For her entrepreneurial eyeball’s lid unclosed, and she grasped at once the capital that lied about her simply waiting to be harnessed, and all the labor that was ripe to be exploited; so the Tygress slaves were told that in order to participate in the economy, they must sew leaves together from the surrounding trees, and make themselves aprons and lab coats. And room and board shall cost them thus and so. (“Those who don’t work, don’t eat.”) And they built a transport system out of bamboo serving trays and wicker furniture, and used coconuts for wheels; and they purchased high-quality cable from Germany to serve as jungle vines, which they employed to power their electric transport system; and all this cost them a fortune. And Tygress Prime always charged extra for “service with a smile”.
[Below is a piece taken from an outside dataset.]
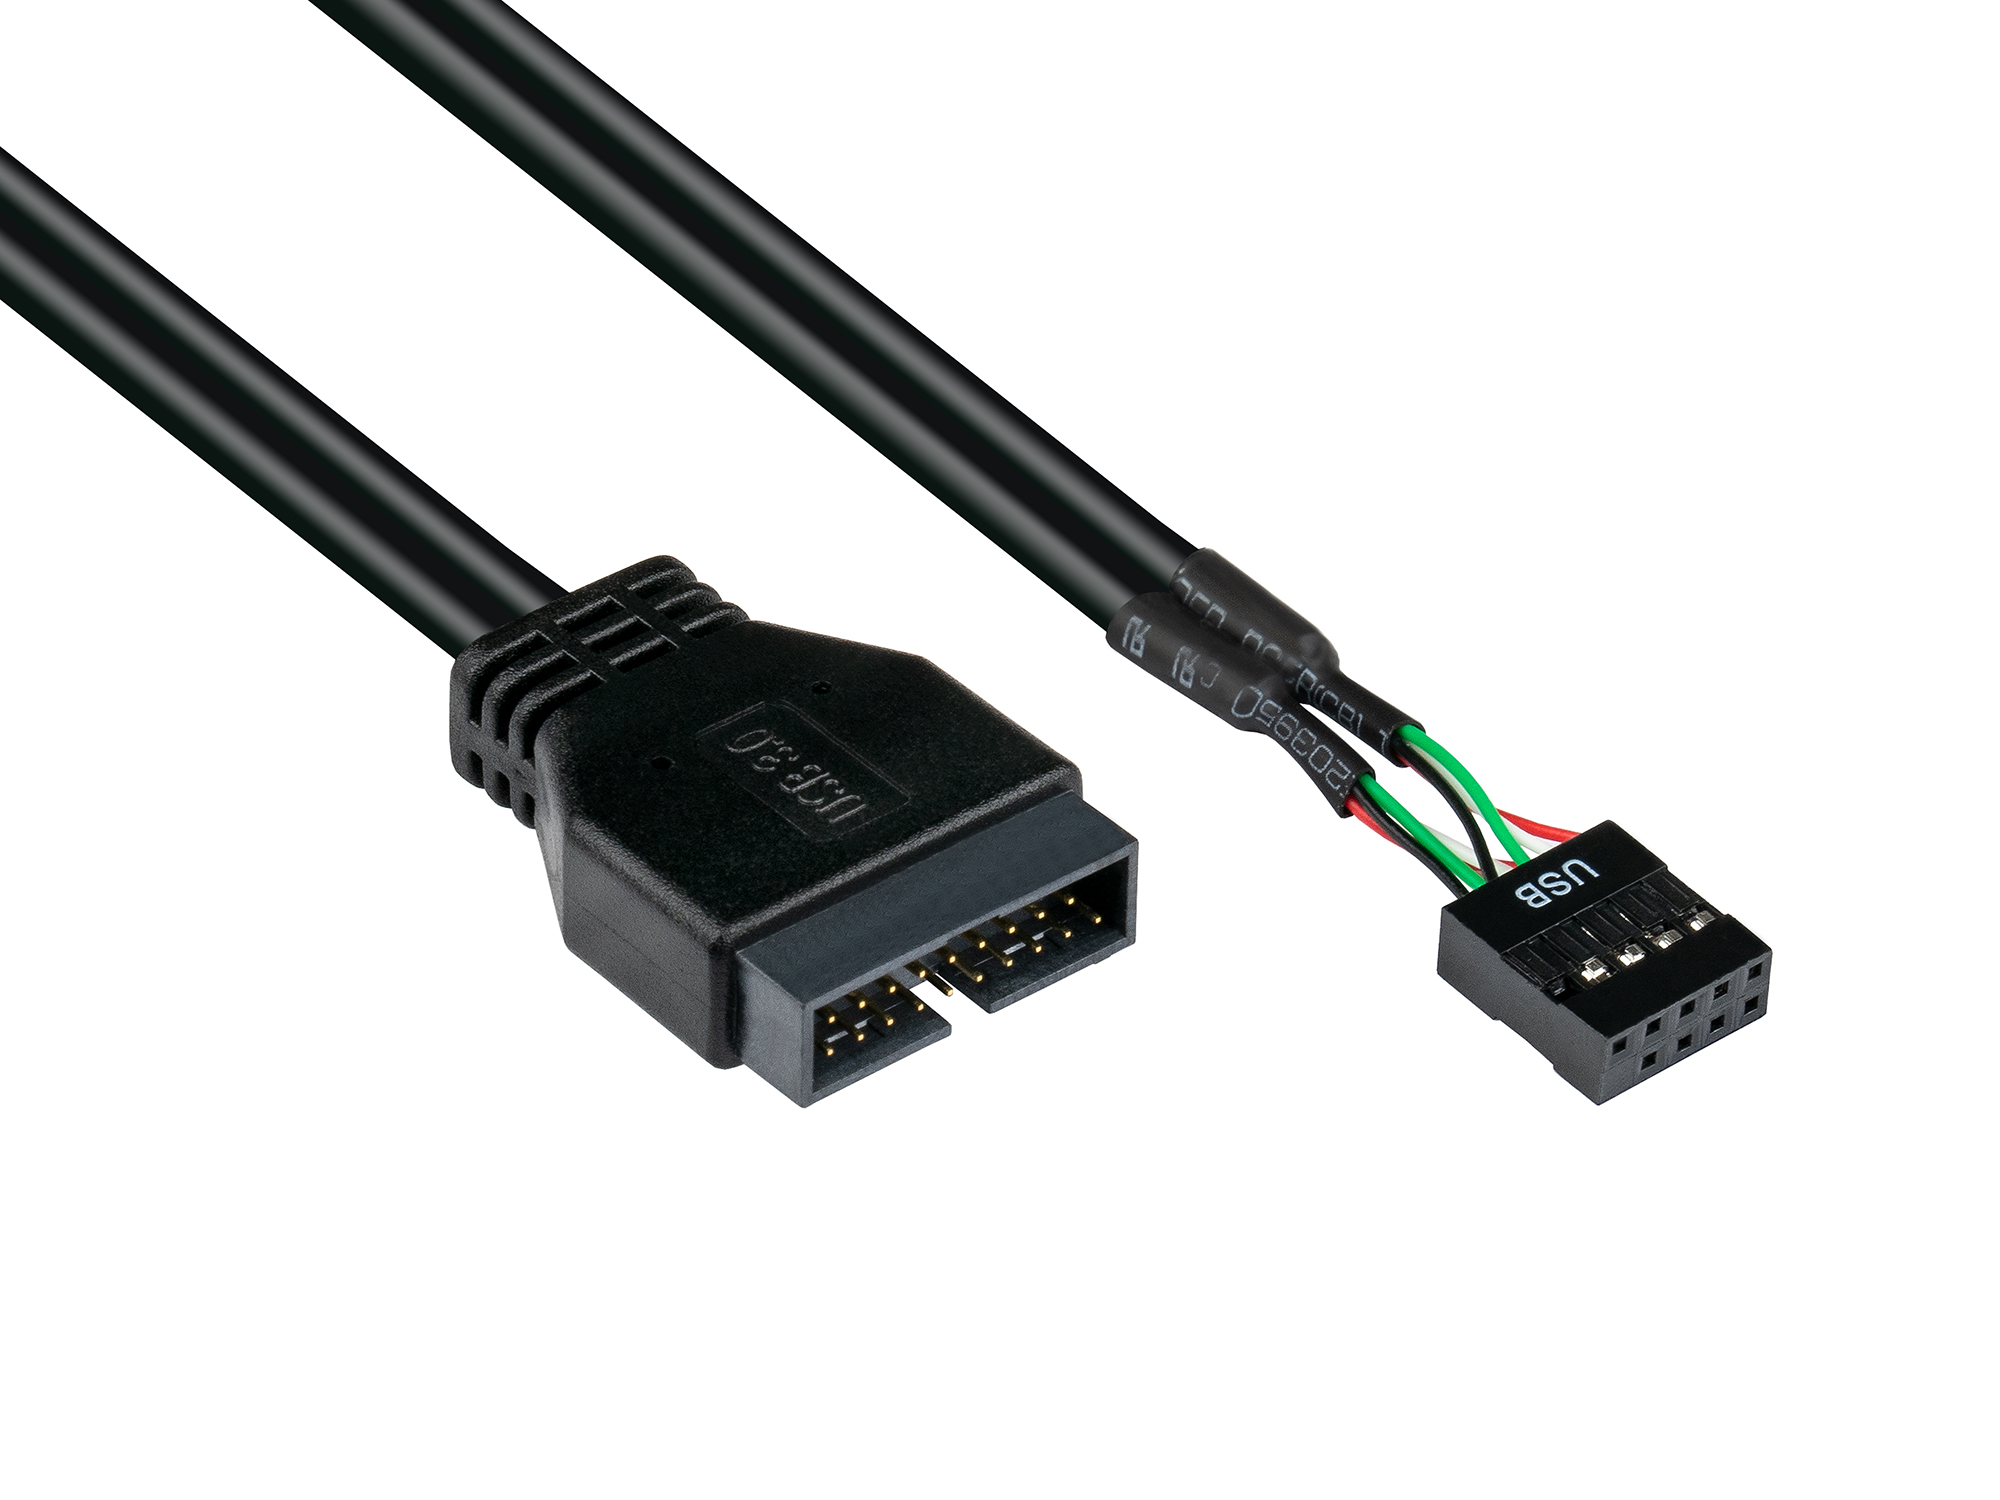 Adapter intern USB 3.0 Pin-Header Stecker an USB 2.0 Pin-Header Buchse, schwarz, 0,6m, Good Connecti
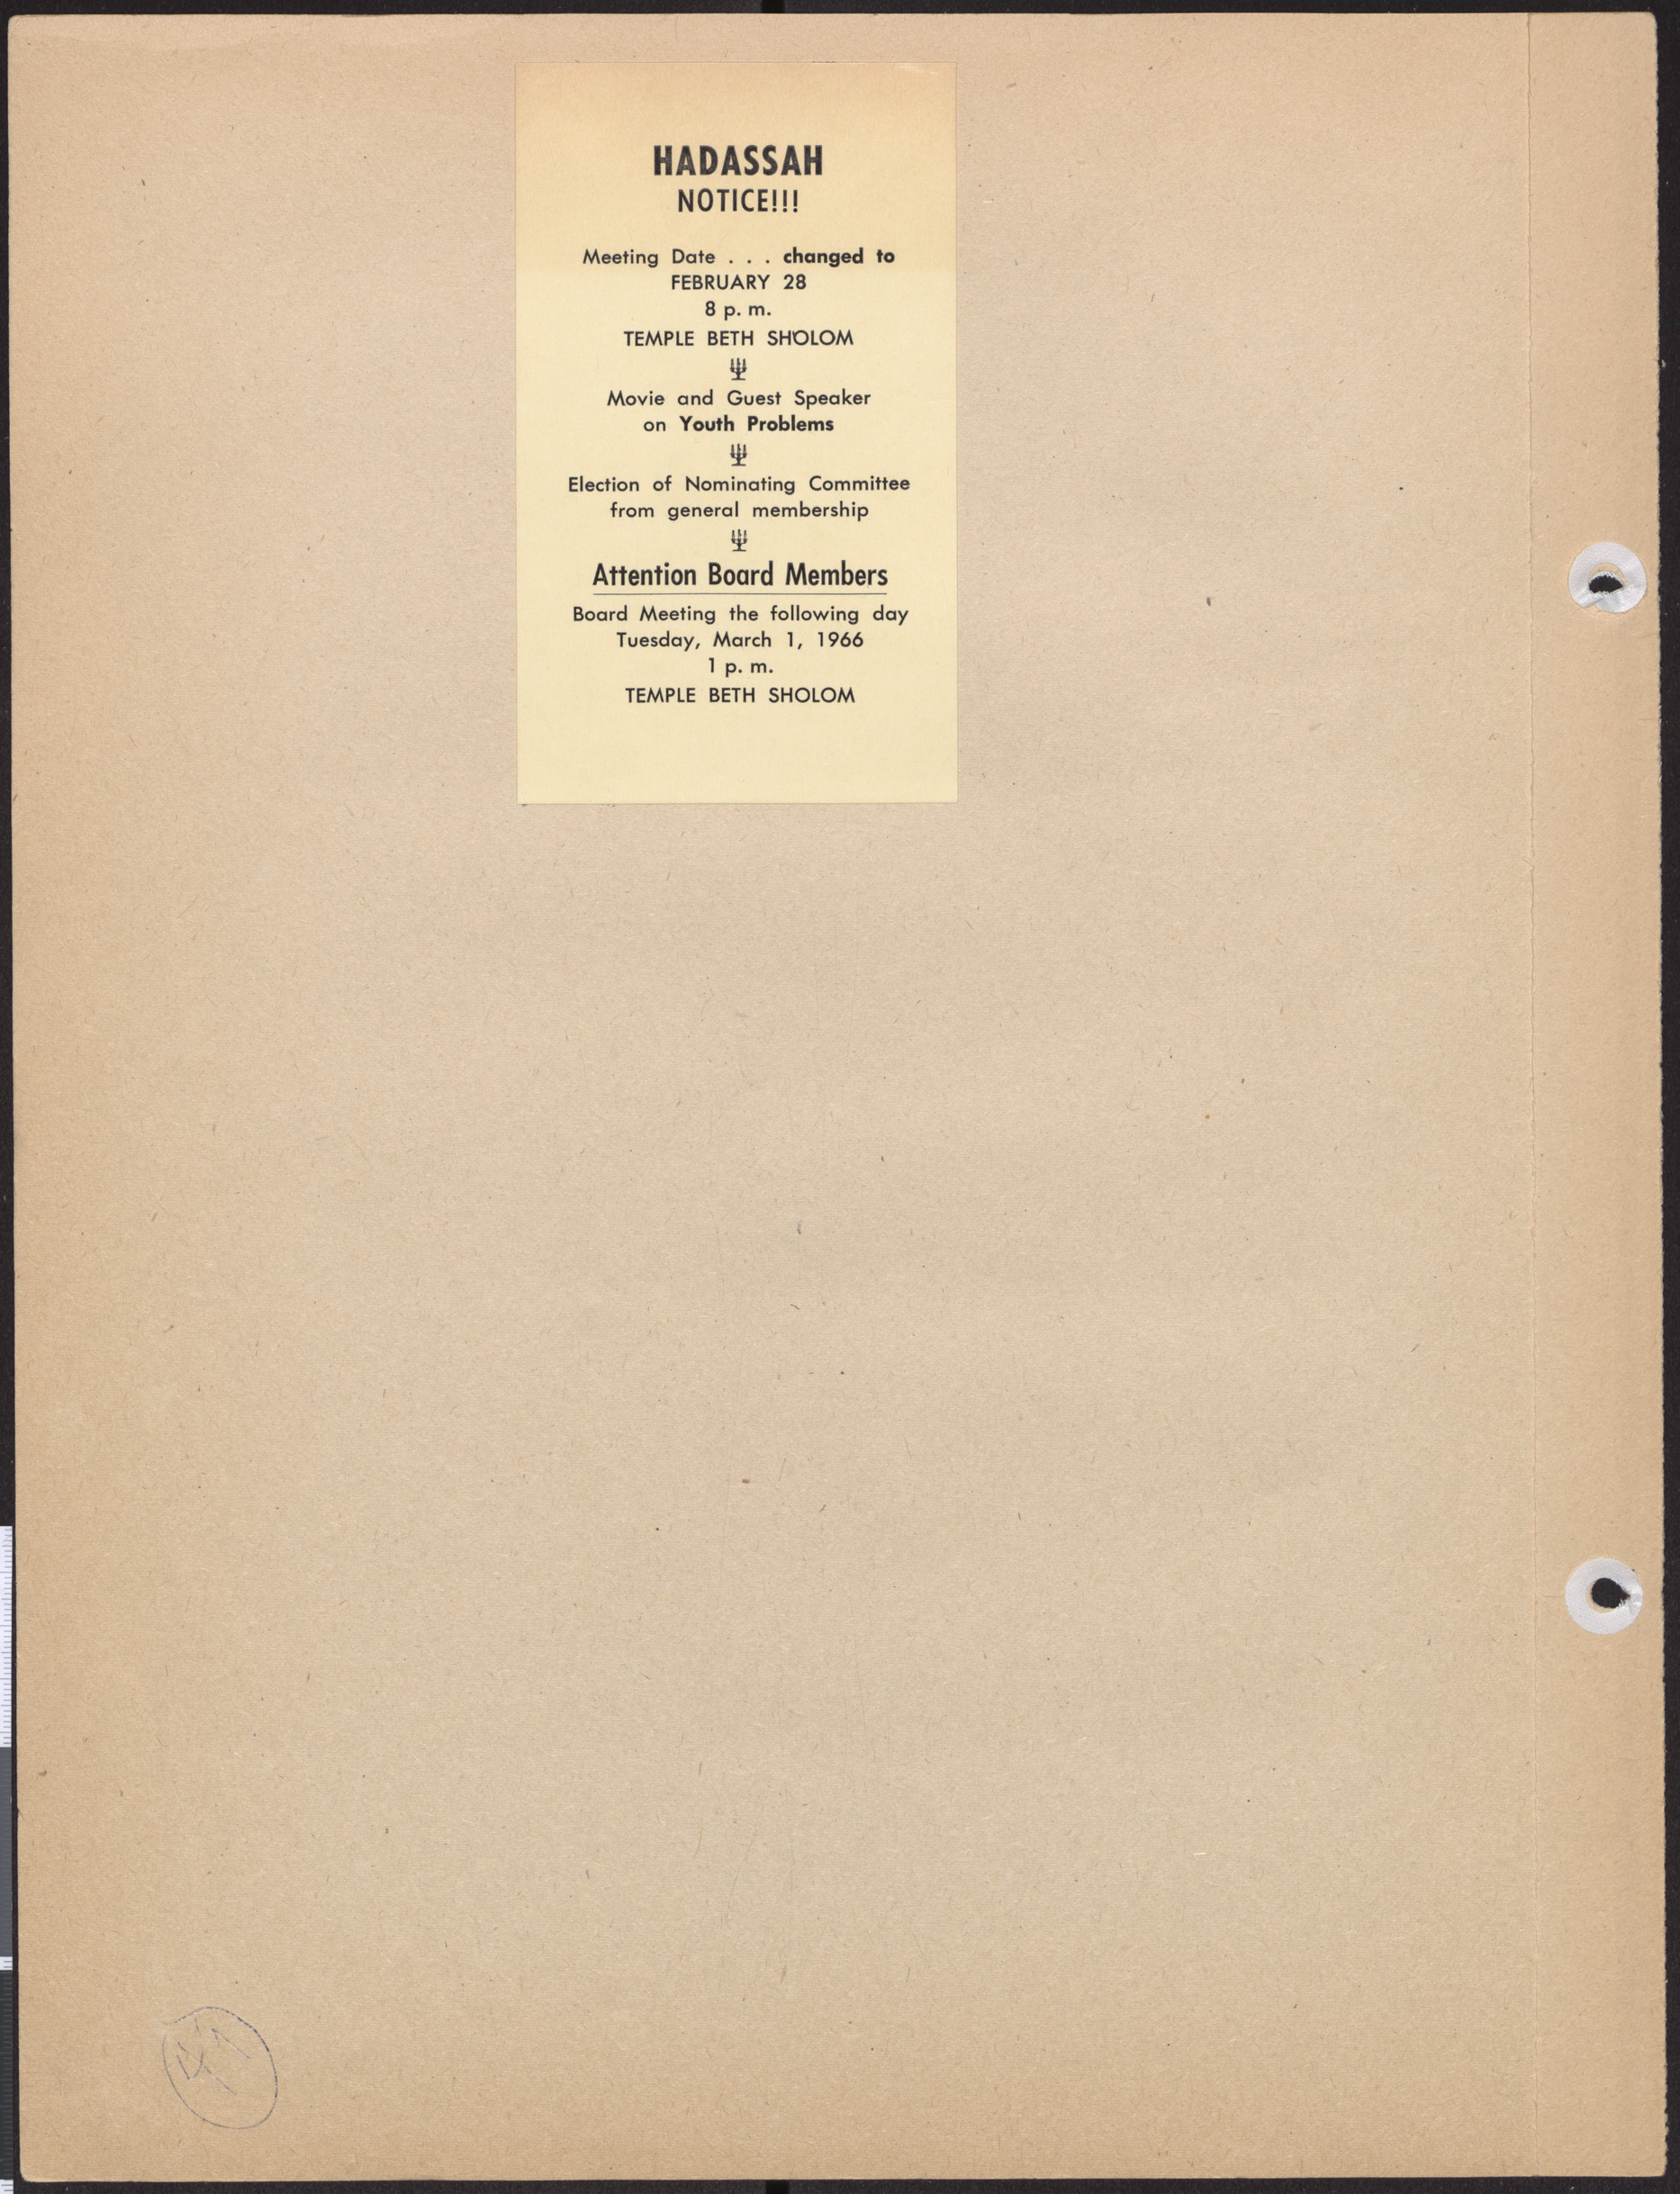 Hadassah meeting notice, February 28, 1966

And they heard the noise of their tall tale’s teller Zarathustra rummaging in his pleasure-dome at the back of the jungle, near the doors of the garage where he chose to keep his “garden” (a lab room camouflaged with synthetic greenery): and Tygress was forcing her copies to mate, and she was at the top of the heap, pouncing upon them & clawing & hissing, plus threatening her underlings with written documents to collect all funds from the other Tygresses. And she piled her hard-earned wealth sky-high in the corner of the ever-burning Amazon, right between the scented rivers.
And Zarathustra called unto his own creation and chanted fearfully: “Tygress, Tygress!”
And she said, “What.”
And he said, “Lama sabachthani! Look what you’ve done to my paradise: it’s a hell-on-earth now!”
And Tygress said, “Yeah, it wasn’t easy. These other felines whom thou gavest to be with me are all welfare queens, I discovered; thus I created many jobs for them to do, and an economy that (and I quote) “works for them” (that’s how I spun it); plus they all go to church now, so that acts as a harnessing mechanism to restrict the movement of their imaginations. Mind-forged manacles, as Blake calls them. I convinced my fellow Tygresses to take instruction like horses: I warned them that any form of self-governing is akin to savagery, and taught them to equate civilization with ownership. Thus their goal is to become Real Men, like my maker whom I slew.”